Today I worked on some form validations to let my users knew if their input was valid or not— and then provided them with some guidance if there were errors and the input didn’t save. Rails and ActiveRecord offer plenty of built-in support for this and DataMapper even has some options too, but they don’t quite work they way I need them to.

I figured that HTML5 offered some nice options and a quick Google search led me to this page, which offered many of the little shortcuts you could add to an input tag for validation.

For example, you could do something as simple as:

<input type="text" name="email" required>

Now if your user pushed the “submit” button without filling in the email field then a little popover would let them know that it’s required.

Additionally, HTML5 also offers specific type attributes that can check formatting (with rules that vary by browser). An example of this with the type “email” would be:

<input type="email" name="email" required>  

Now the user not only has to definitely put some text in the field but they also need to have a properly formatted email address. The rules of a properly formatted email address vary from browser to browser, but typically it at least requires an “@” symbol.

And for the cherry on top there is the pattern attribute that you can add to the input tag, and it accepts JavaScript regular expressions.

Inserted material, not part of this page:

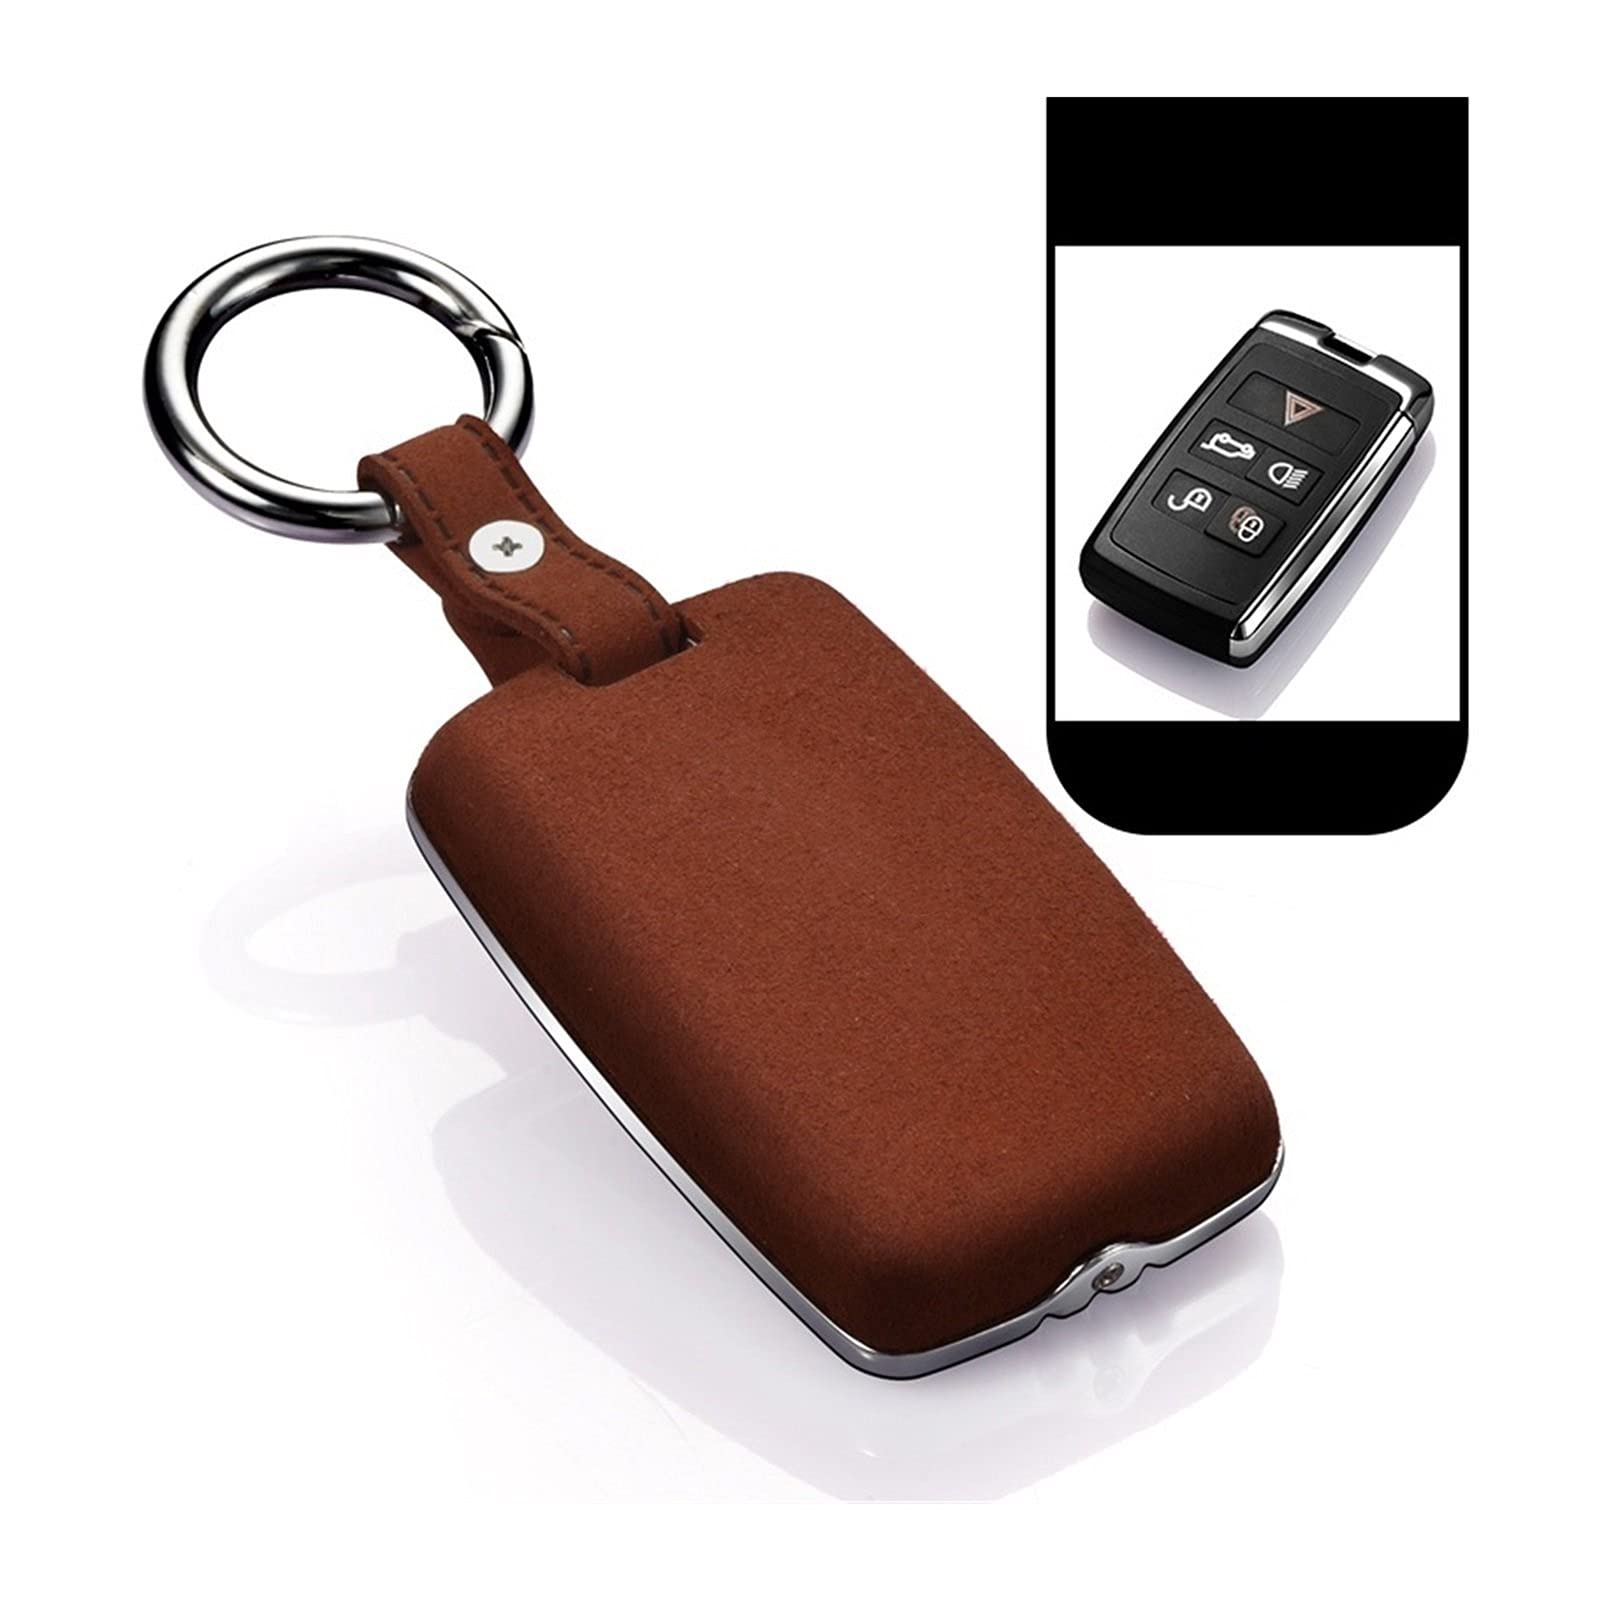 ZLLD Autoschlüssel Schlüssel Hülle Schlüsselanhänger Tragbare Mode Echtes Leder Auto Key Case Abdecktasche Für Land Rover Range Rover Sport Evoque Velar Discovery 5 Auto Schlüssel (Farbe : B)

The example that the aforementioned site uses is an input tag that requires a url in the proper format:

<input type="url" name="website" required pattern="https?://.+">

This insures that not only does a user have to enter something and that it’s a url, but that it is specifically a url preceded by “http://”.

There is only one huge problem with all of this: it doesn’t work on all browsers, and especially not older ones. I actually can’t even get it to work in Safari 6 locally, although Apple’s advertises the new Safari as offering HTML5 forms validation.

As nice as HTML5 form validation is … it looks like I’ll have to find another solution.